Выбрать главу

Вы не были паркетным шаркуном. Полевая форма – с бушлатом без генеральских погон – стала Вашей второй кожей. Вы недолюбливали щелкоперов и «вечно опаздывающих» медиков-«живодеров». Но помнили почти наизусть, кто и как писал о той проклятой войне. Вы ею жили, считали «своей», не оставляя другим права о ней судить. Садились за руль бэтээра, чтобы проверить тормозные колодки или что-то там еще. Часто ставили задачи вместо даже не комбата, а ротного: «Послушай, сынок, что тебе скажет не выживший из ума генерал…» Вы, не дожидаясь трапа, первым соскакивали из едва коснувшегося земли вертолета. И, не дослушав рапорта, набрасывались на отцов-командиров: «Всех раненых эвакуировали? Где этот херов «скальпель»?» И, не отдышавшись, черпали ложкой из солдатского котелка: «Опять мясо «белого медведя». У тебя, командир, с этого пойла и «прицел» не встанет. А людям через час в атаку идти. Тебе что – турнепса в том огороде накопать?» «Карандашами», как это прижилось после Вас, Вы солдат не называли. Ваше имя символизировало не войну, а человеческую боль за ее необходимость.

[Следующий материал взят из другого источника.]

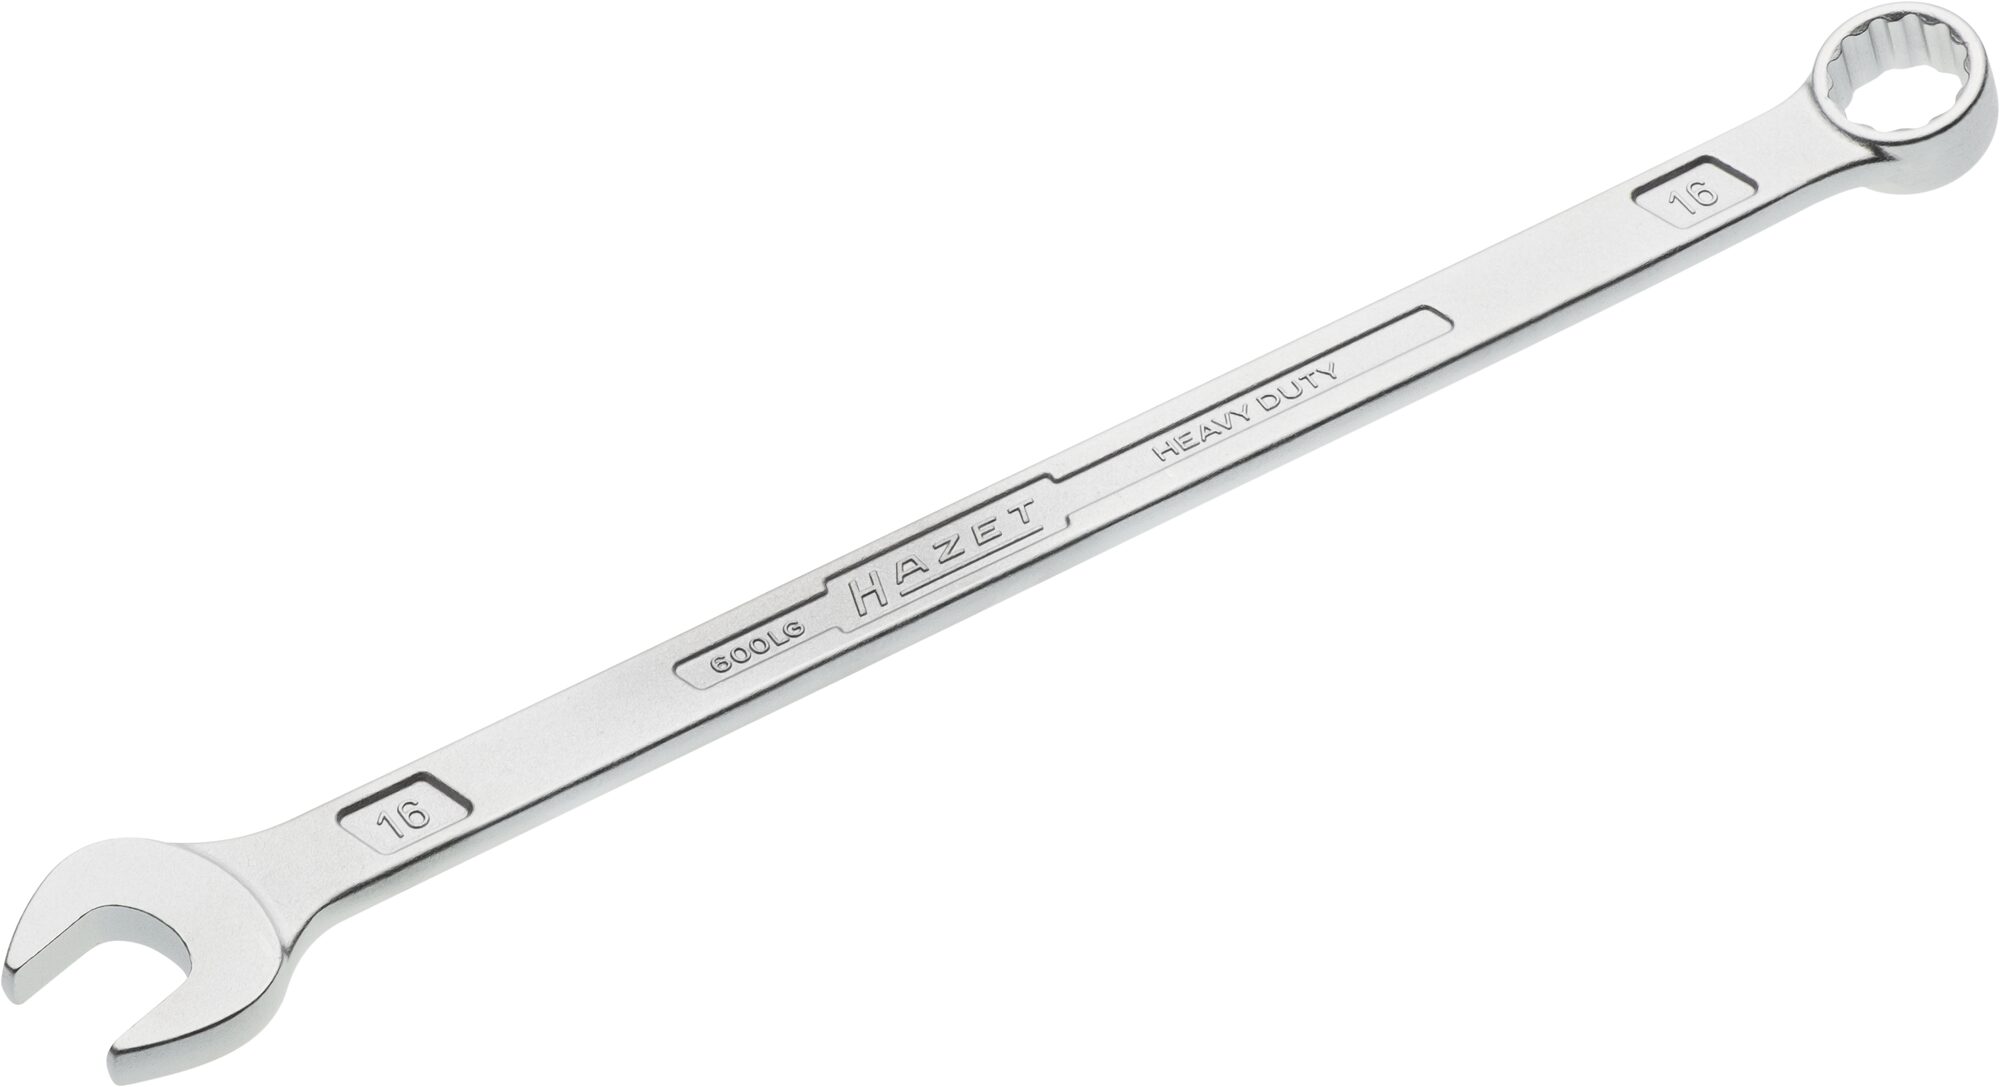 HAZET Ring-Maulschlüssel · extra lang · schlanke Bauform 600LG-16 · Außen Doppel-Sechskant-Tractionsprofil · 16 mm

Да, характер у Вас был не сахар. Да и по натуре Вы – ревнивец. И еще. От других генералов чеченской войны – жесткого до вечно сведенных скул Молтенского, «непробиваемо» – невозмутимого Макарова, шумного – мать-вас-разэтак – Казанцева, лихого – «прицел – 16 – Огонь!» «Шамана» Вы отличались какой-то эмоциональной совестливостью. В чем-то Вы были нетипичным: «Давай – ко мне». – «Товарищ командующий, можно я доем?» – «А что ешь?» – «Рыбу. В Каспийске у браконьеров купили». – «Ну, если так, то сначала доешь». Вам бы на сцене выступать – у Вас яркое слово и убедительная внешность проповедника. Может, поэтому после войны Вас не назначили ни начальником генштаба, ни полпредом, как Ваших бывших сослуживцев. Мемуаристика стала Вашей стезей от противного. В своих книгах Вы вновь переживали время, когда оказались в фокусе-прицеле той, «своей» войны. Человеческим лицом которой Вы останетесь теперь навсегда.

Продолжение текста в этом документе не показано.